Veteran retailer and Tory politician David Wolfson, father of Next CEO Simon Wolfson, has died of dementia-related complications. He was 85.

As chairman of Next from 1990-1998 David Wolfson formed a formidable partnership with CEO David Jones (1943-2019). Together they rescued Next from collapse, turning losses of £46m to profits of more than £100m. Jones praised his chairman’s enviable ability to “identify the core problem and address it without being distracted by trivia”.

He certainly was not distracted by accusations of nepotism when his son Simon, then only 33, succeeded David Jones as Next CEO in August 2001 having been fast-tracked through the hierarchy at Enderby.

Described variously as “mercurial”, “visionary” and “untroubled by self-doubt”, David Wolfson held senior positions at several major British retailers as well as being one of being Margaret Thatcher’s closest advisors from 1978 until 1985. He was one of the few people who stood up to Thatcher and persuaded her to change her mind.

Known for his impressive intellect, a keenly-focused business brain and a sometimes acerbic tongue, David was a prominent member of the British-Jewish Wolfson family.

Solomon Wolfson (1868-1941) was a cabinet maker from Poland who settled in Glasgow at the end of the 19thcentury. Solomon’s son Isaac (1897-1991) was one of the most powerful and influential British businessmen of the mid-20th century, building up the Manchester-based mail order business Great Universal Stores (aka GUS or Gussies) into a pre-eminent force in British retailing.

In 1955 Sir Isaac Wolfson established the Wolfson Foundation to distribute most of his fortune to good causes in science, education and the arts.

David Wolfson was the son of Charles Wolfson (1899–1970), Isaac’s brother. David cut his business teeth working for GUS, the “family firm”, where he was a director from 1973-78 and again in 1993-2000. He was chairman of GUS from 1996-2000.

A falling out with his cousin Leonard (1927–2010), Isaac’s son, caused his departure from GUS in 1978 but he kept himself busy during 1982-86 as chairman of Alexon Group. His CV also includes a stint as chairman of one-time Marks & Spencer supplier William Baird in 2002-2003.

Succeeding his cousin Leonard as chairman of GUS in 1996, the-then Lord Wolfson quickly expanded the “family firm”, spending £1bn acquiring consumer credit company Experian, £150m on Direct Market Technologies and £20m on The Burton Group’s Innovations catalogue. In a little over 12 months GUS, which included Burberry in its roster of companies, was making more from information and financial services than from retailing.

In 1998, after a bruising hostile takeover, Wolfson’s GUS added Argos at the cost of £1.9bn.

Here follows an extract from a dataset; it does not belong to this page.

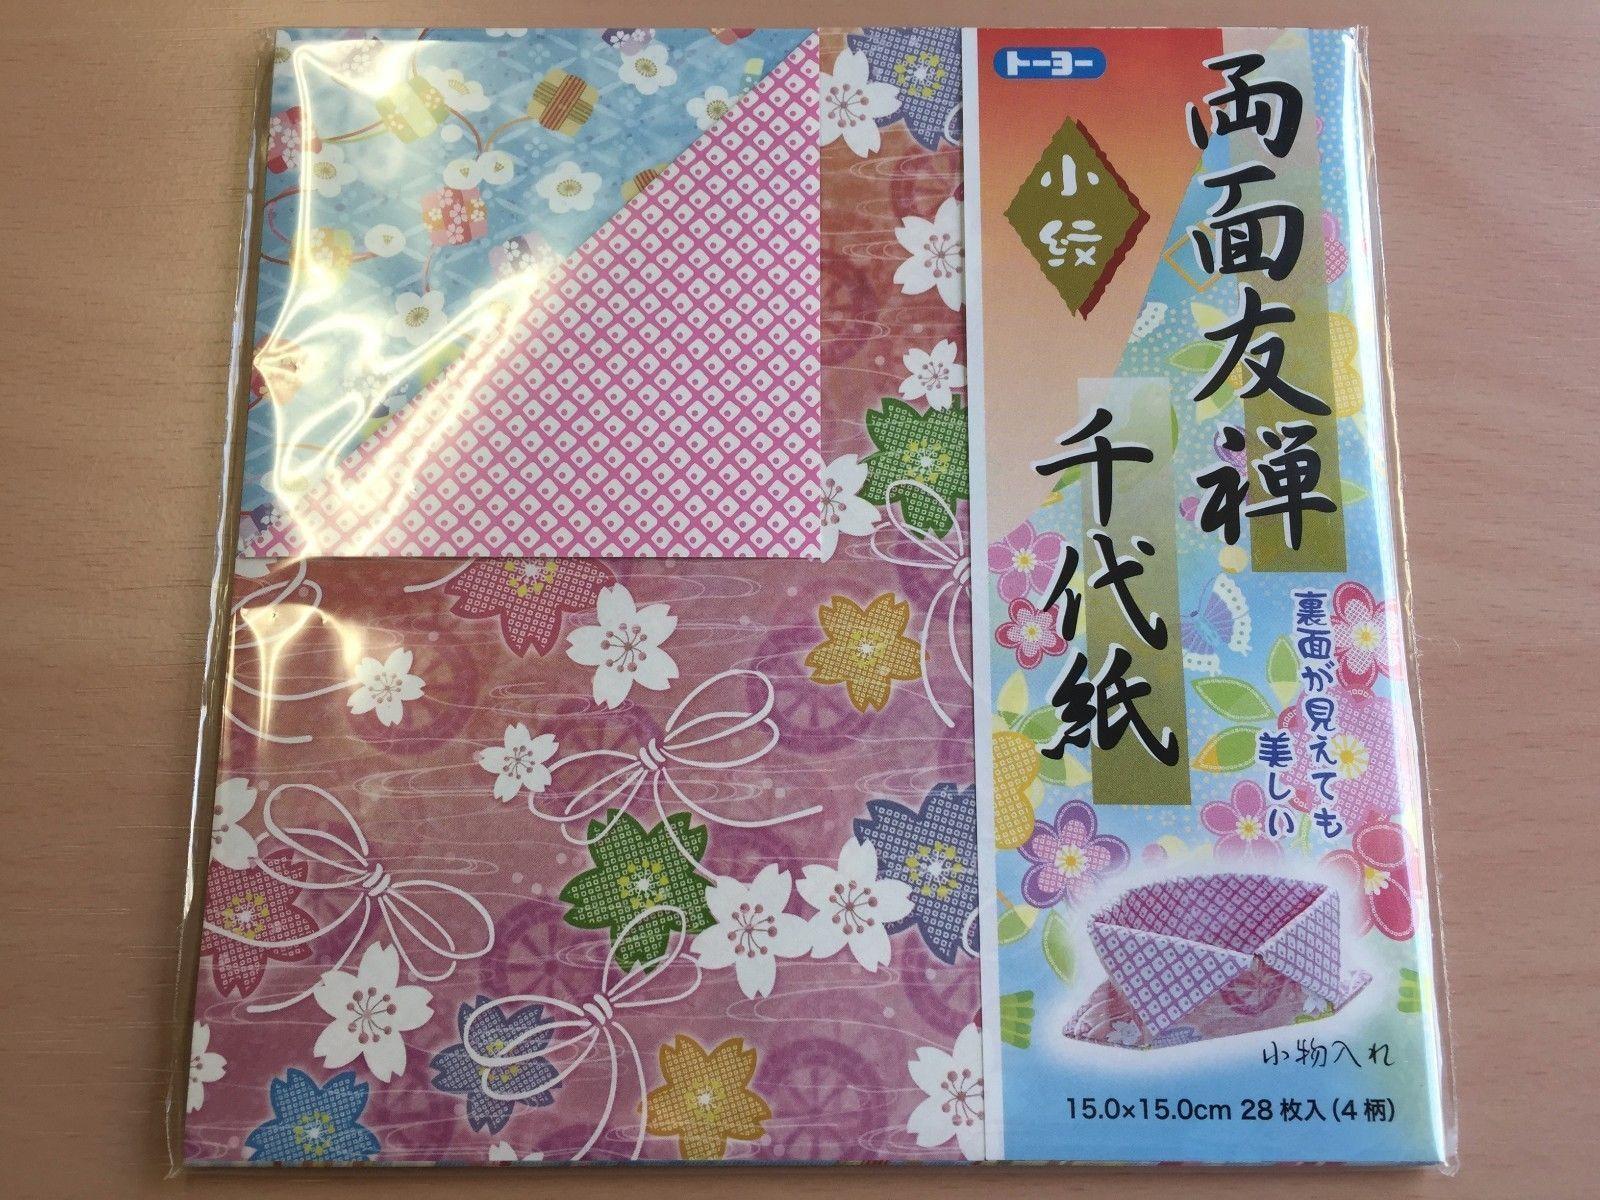 Toyo origami paper yuzen washi chiyogami style 28 sheets 4 designs toyo origami paper yuzen washi chiyogami style 28 sheets 4 designs 150 150mm jeuxipadfo Images

After Lord Wolfson’s departure in 2000, the traditional Great Universal Stores mail order operation was sold to the Barclay brothers, who merged it with their Littlewoods mail order business. Burberry was demerged from GUS in 2005 and a year later the Great Universal Stores name disappeared when the company was split into Argos (officially Home Retail Group) and Experian.

David Wolfson was born in London on 9 November 1935. He was educated at Clifton College, Bristol, took an economics and law degree at Trinity College, Cambridge, and added an MBA from Stanford University, California.

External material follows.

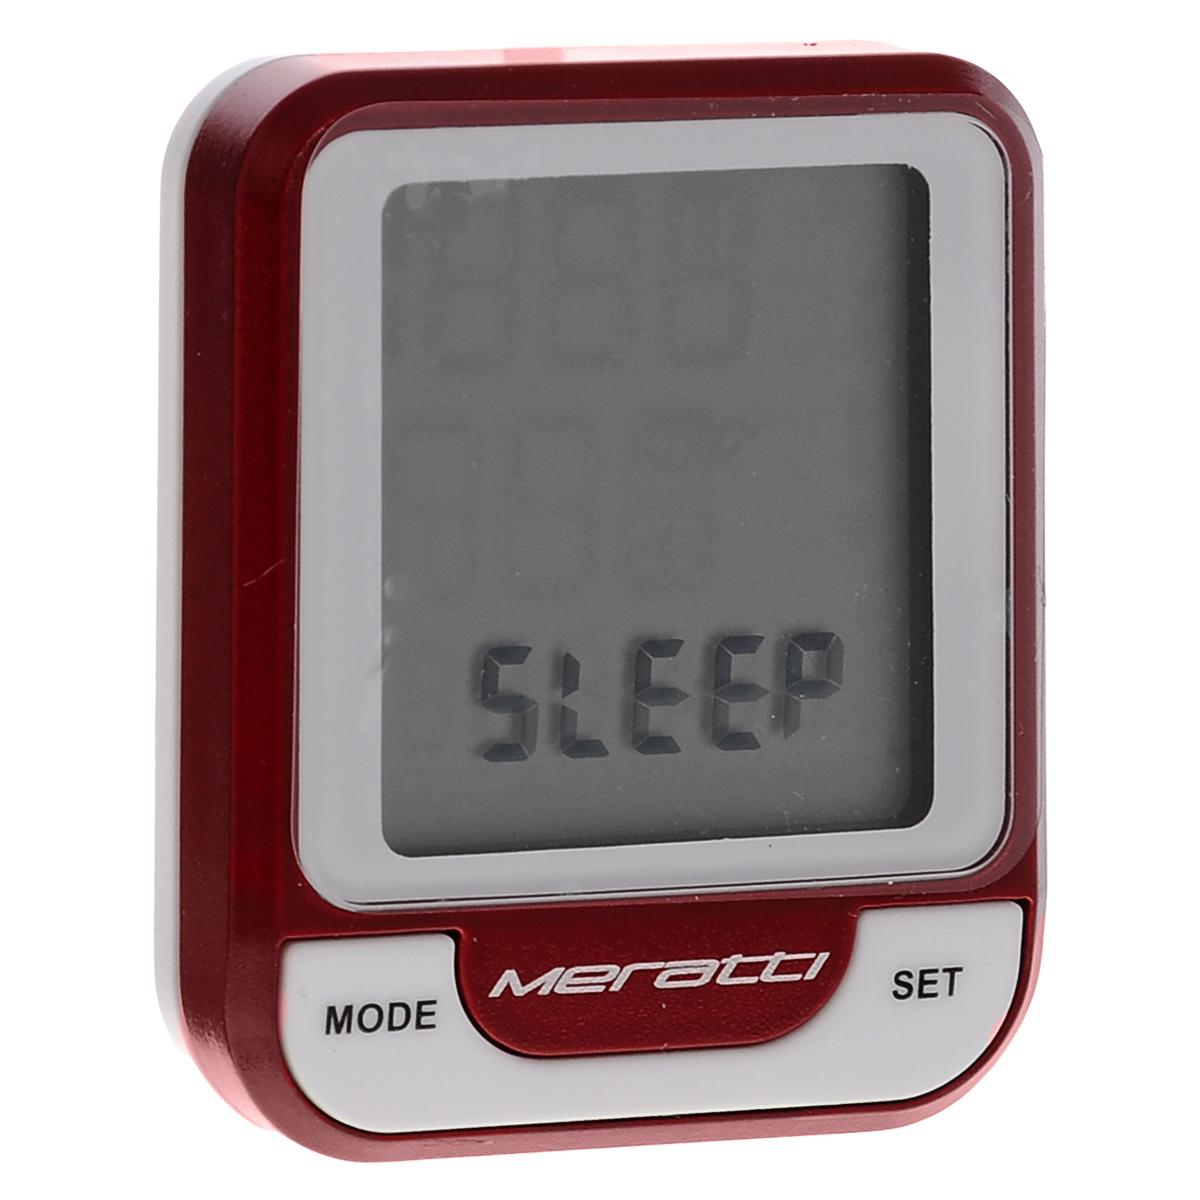 Велокомпьютер беспроводной Meratti, с кардиодатчикомZ90 blackБеспроводной компьютер Meratti выполнен из высококачественного прочного пластика. Оснащен кардиодатчиком C014. Компьютер питается от 1 батарейки CR2032 (в комплекте).Особенности: Аналоговый способ передачи сигнала 5.3K. Показания монитора: время (часы, минуты, секунды), скорость, средняя скорость, максимальная скорость, тенденция скорости, пульс, средний пульс, максимальный пульс, тенденция пульса, 4 пакета зон пульса, время поездки, суммарное время пробега, общий пробег, общий расход калорий. Режимы: SCAN.

Knighted in 1984, he was created a life peer with the title Baron Wolfson of Sunningdale, of Trevose in the County of Cornwall in 1991. He had a holiday home in Cornwall.

He was married three times. Simon Wolfson is one of two sons and a daughter from his second marriage, to Susan Davis, which ended in divorce. In 2018 he married his third wife, Alicia Trevor, who survives him with their teenage son, Tom.